If you want to ensure that only one test fails whenever the behaviour changes,
then you will have to break up your code so that you have access to just the
functionality that you need.

What you will discover is that you are doing _white box testing_ and not
_black box testing_. Because you actually want to see what the implementation
is doing. The best analogy I've heard of is that it's like putting watch
points in a debugger. Then when the code is running, you can inspect the state
of the code to see what it's doing.

This is where the real kicker is: it forces you to expose state rather than
hide it.

And I'll leave that in a paragraph by itself, because the implications are
huge for design. Quite frequently we choose to abstract away state. Sometimes
it is not even measurable. "As long as my function returns the correct value
(no matter how complicated it is to generate), there is no need to see the
inner workings. In fact I don't _want_ to see the inner workings because it
will add complexity to the system. I want a simple API and I'll push all the
complexity inside it". This is the antithesis of TDD, because then we can't
inspect the running state of the system and pinpoint where behaviour changes
(except in really large chunks).

Obviously, there are lots of really good advantages to abstraction and
encapsulation. However, there are ways of providing that while exposing state
(at every level) at the same time. Essentially, you are forced to create a
many layered system and you are forced to think hard about those layers
because...

There is another important result of TDD (or at least of the TDD I describe
above). I mentioned that you have to be able to see at a glance the contexts
that you are creating when you are writing the test. This means that it must
simple (and concise) to create the collaborators that you need to create that
context. This, in turn, means that you have to reduce the complexity of the
inter-dependencies of collaborators and you especially need to be able
construct the dependencies clearly. Things like global variables and
singletons become big liabilities in this kind of environment.

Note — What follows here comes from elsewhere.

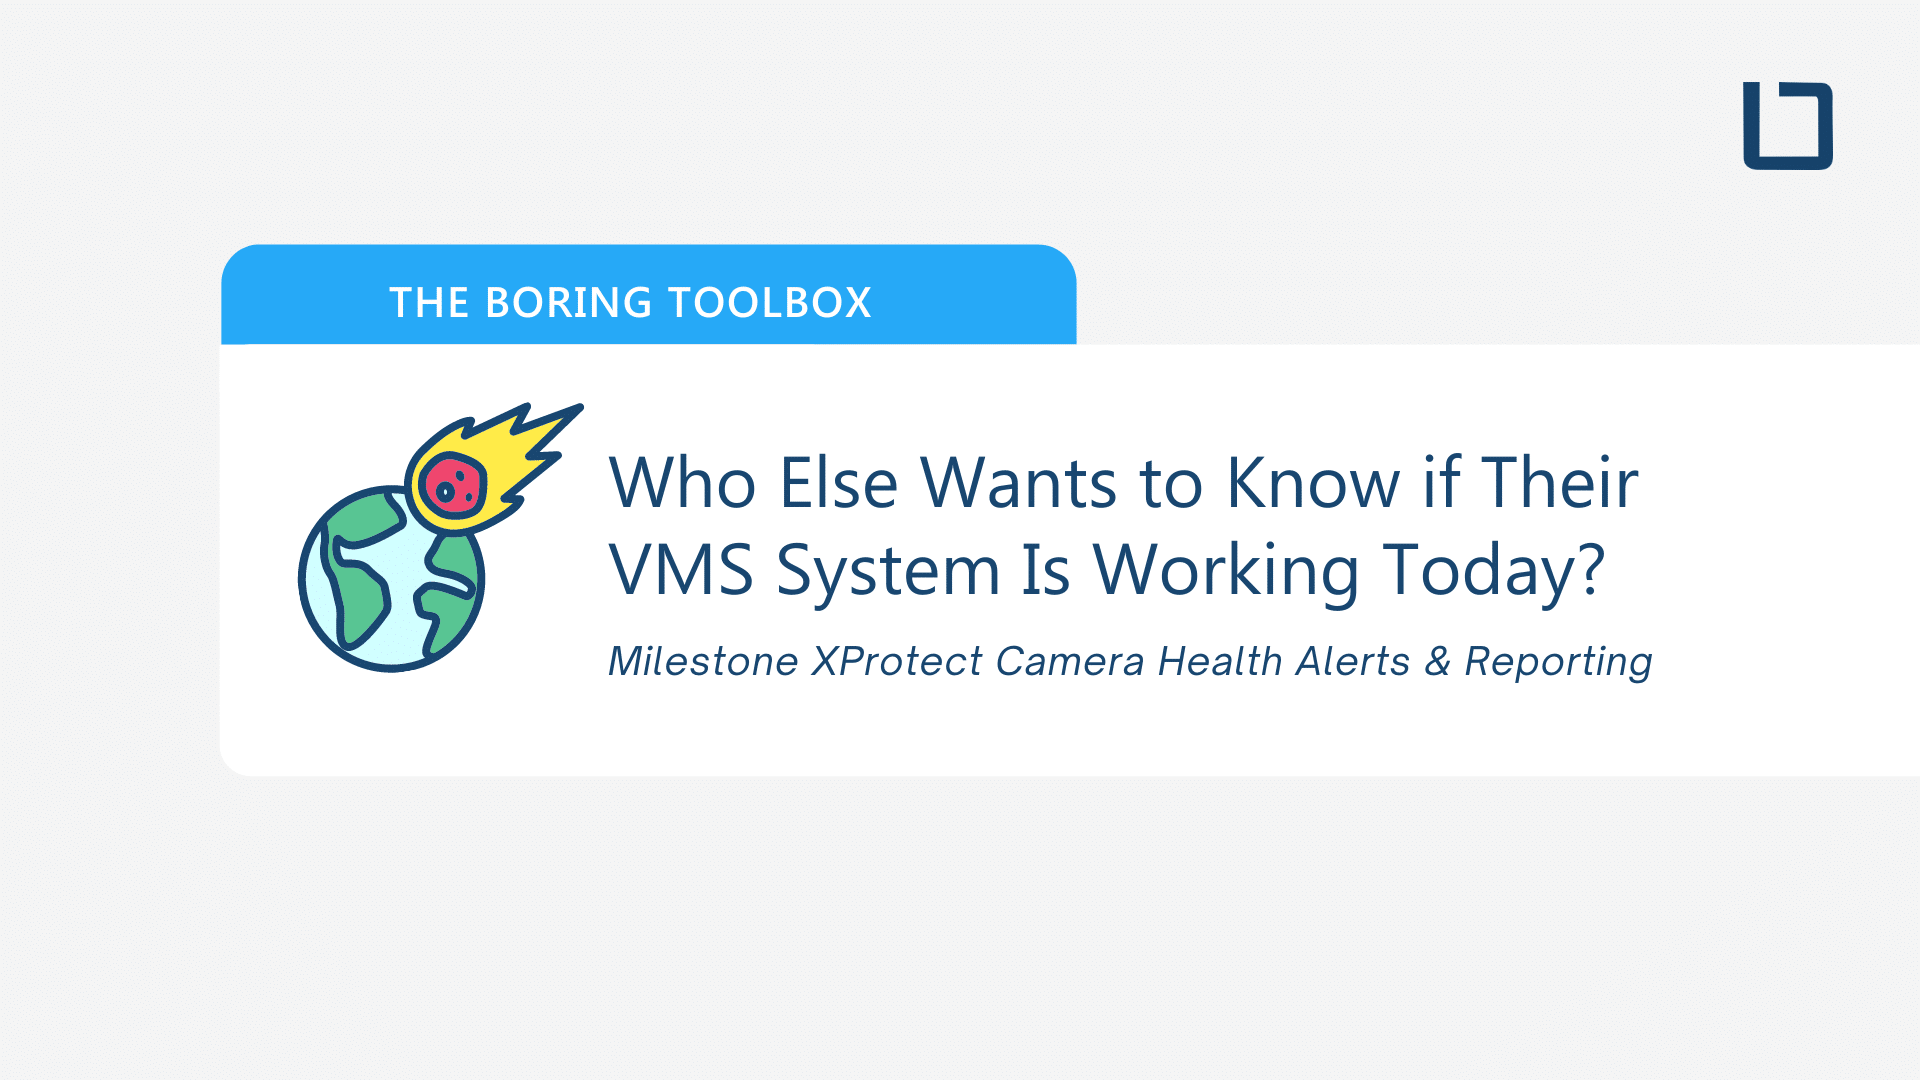 Who else wants to know if their VMS system is working today?

The result of all of this is that you need to have collaborators with simple
dependencies (low coupling), you need to have many layers, where the state of
the system is always expressible, and you need to have simple interfaces on
your systems.

The most important thing to understand is that TDD does _not_ design your code
for you. Of course, you need to do that yourself. Rather it provides a series
of constraints (as a result of always being informed of the behaviour of the
system at all levels), which enforces certain good qualities in the resultant
design.

Having said all that, I know many people who do not like designs that follow
the constraints that TDD enforces. They prefer to have larger, more
complicated interfaces. They prefer to have APIs that hide the inner behaviour
and make it impossible to examine the state of the code (without actually
running it in a debugger). This is clearly a choice. However, I'm bumping up
to about 20 years of doing it the TDD way and my experience has been that a
system designed in that fashion is more flexible, easier to read and reason
about, and considerably easier to work with. As always YMMV.

I hope that provided some insight into a different way to look at TDD.